Timer design based on 51 microcontrollers

The above answer is fine.

When using timer method 1, the calculated value of (65536-x) exceeds 256, that is, the 16-bit timing mode of the timer, so it is necessary to send 8 bits higher to th0 and lower bits to tl0, so to calculate the high 8 bits and the low 8 bits of (65536-x), (65536-x) 256 is to calculate the high 8 bits, and (65536-x)%256 is to calculate the low 8 bits, so it is written.

th0 = (65536-x) 256 (or th1).

tl0 = (65536-x)%256 (or tl1).

This is actually very simple, you only need to know one condition: crystal frequency.

Because the machine cycle calculation formula of 51 single-chip microcomputer is 12 crystal oscillator frequency MHz, if the crystal oscillator is 12mhz, then the machine cycle is 12 (12 10 6) = 1us, that is to say, the counter does not count once 1us.

Generally speaking, under the 12MHz crystal oscillator, the full count of the 16-bit timer is 65536 times, each time 1us, the maximum can be timed, then 65536 minus how much is the timing, such as (65536-x) 256, that is, the timing x microseconds.

So if the crystal oscillator is not 12MHz, multiply the above x by 12 crystal oscillator, and the value obtained is the timing duration. The principle is the same.

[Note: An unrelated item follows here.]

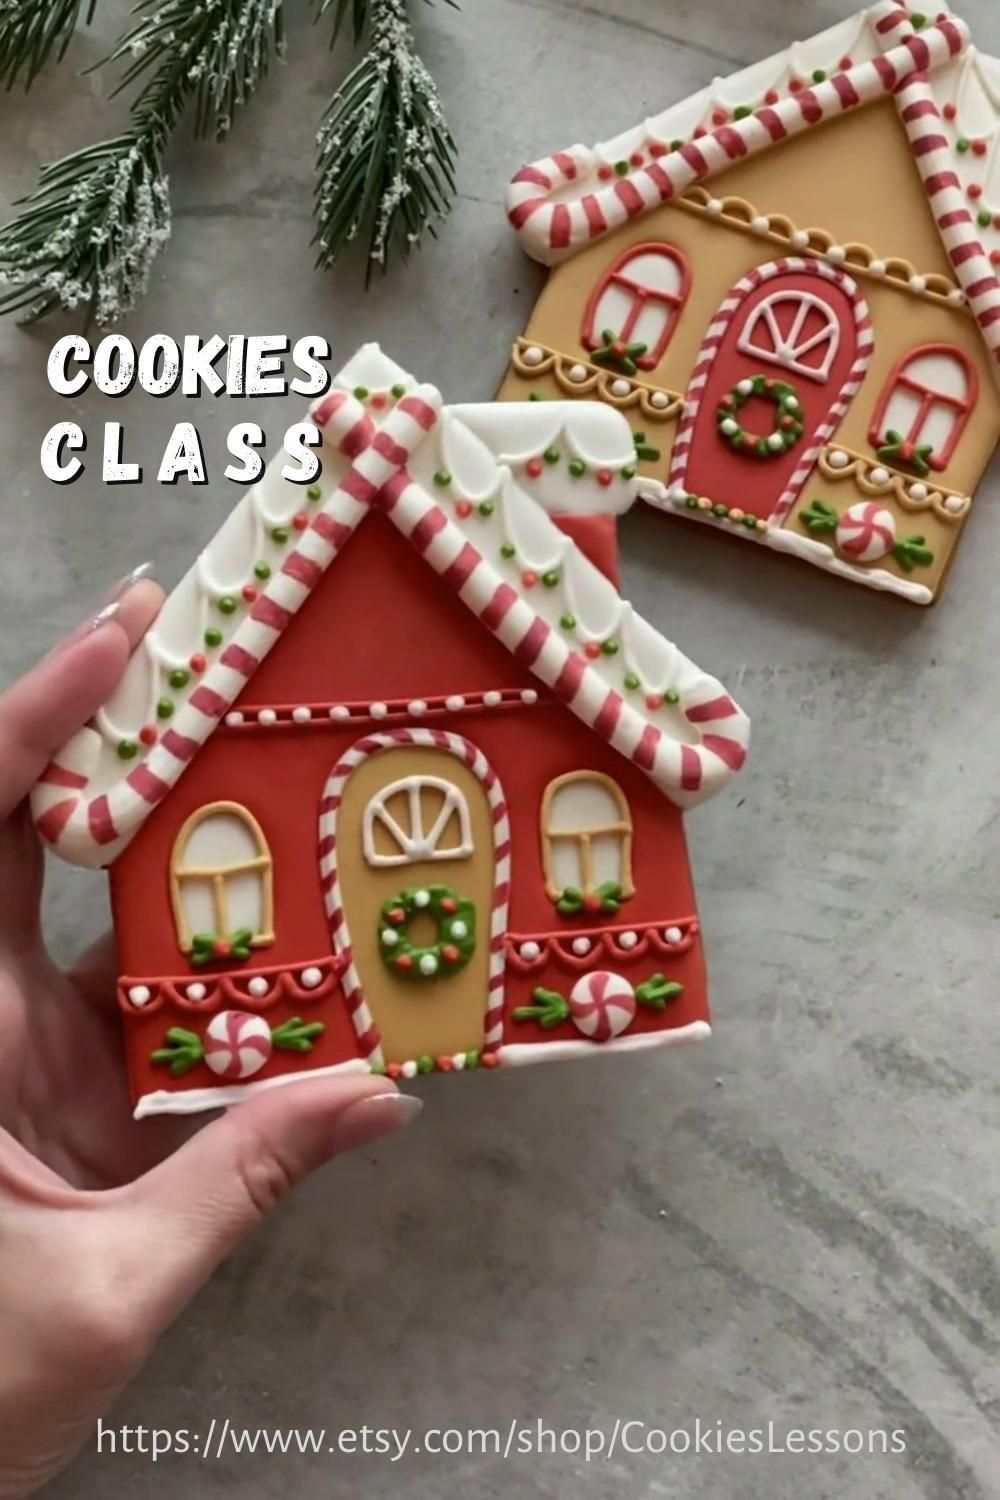 Cookies class - Christmas houses - Cookies class - Christmas houses -   18 ginger bread house decorations christmas gingerbread ideas

Feel free to reply to me if you don't understand something.

That's right. Although the timer timing is more accurate than the program delay, it does not mean that there are no errors. In any case, errors are always objective. Here are two additional points:

1. There is an error in the original program. The maximum count value of timer mode 0 is 2 13=8192us, and the initial installation value is e018h=57368us, that is, the initial loading value of timing is much greater than the maximum counting value.

If you want to time 1ms=1000us in mode 0, the initial installation value should be 8192-1000=7192=1c18h, and the execution of other statements can be ignored because it is 2 3us level (the three statements in the factor interrupt program take only 6us). You may ask: why not convert these times into the initial value of the timer?

The answer is that it is not necessary. No matter how it is converted, there are errors, not to mention that the time of the machine cycle is also estimated.

2. If you want to be more accurate, you can use method 2 (automatic reload of the initial value).

You're right about what you understand.

Regarding the reloading of the 51 timer, the typical solution is dynamic reloading. That is, when you renew the initial value of the count, you should subtract the count from the total number to be loaded from the time when the previous overflow was ready to perform the initial value of the reload.

For example, if the interrupt interval is 1000 counts, the initial value of the reload is -1000. In the interrupt, -1000 cannot be reloaded directly, but -(1000-th tl), that is, the reload value is -1000+th tl.

isr_t0:

push psw

clr tr0

xch a, tl0

add a, #low(-1000+7)

xch a, tl0

xch a, th0

addc a, high(1000+7) tr0 has been paused for 7 periods and needs to be added.

xch a, th0

set tr0

CPL can execute the events that the user wants to do, but it keeps taking too long.

pop psw

RetiOf course, it can't be completely said that the book is wrong, only that the examples in the book are not rigorous.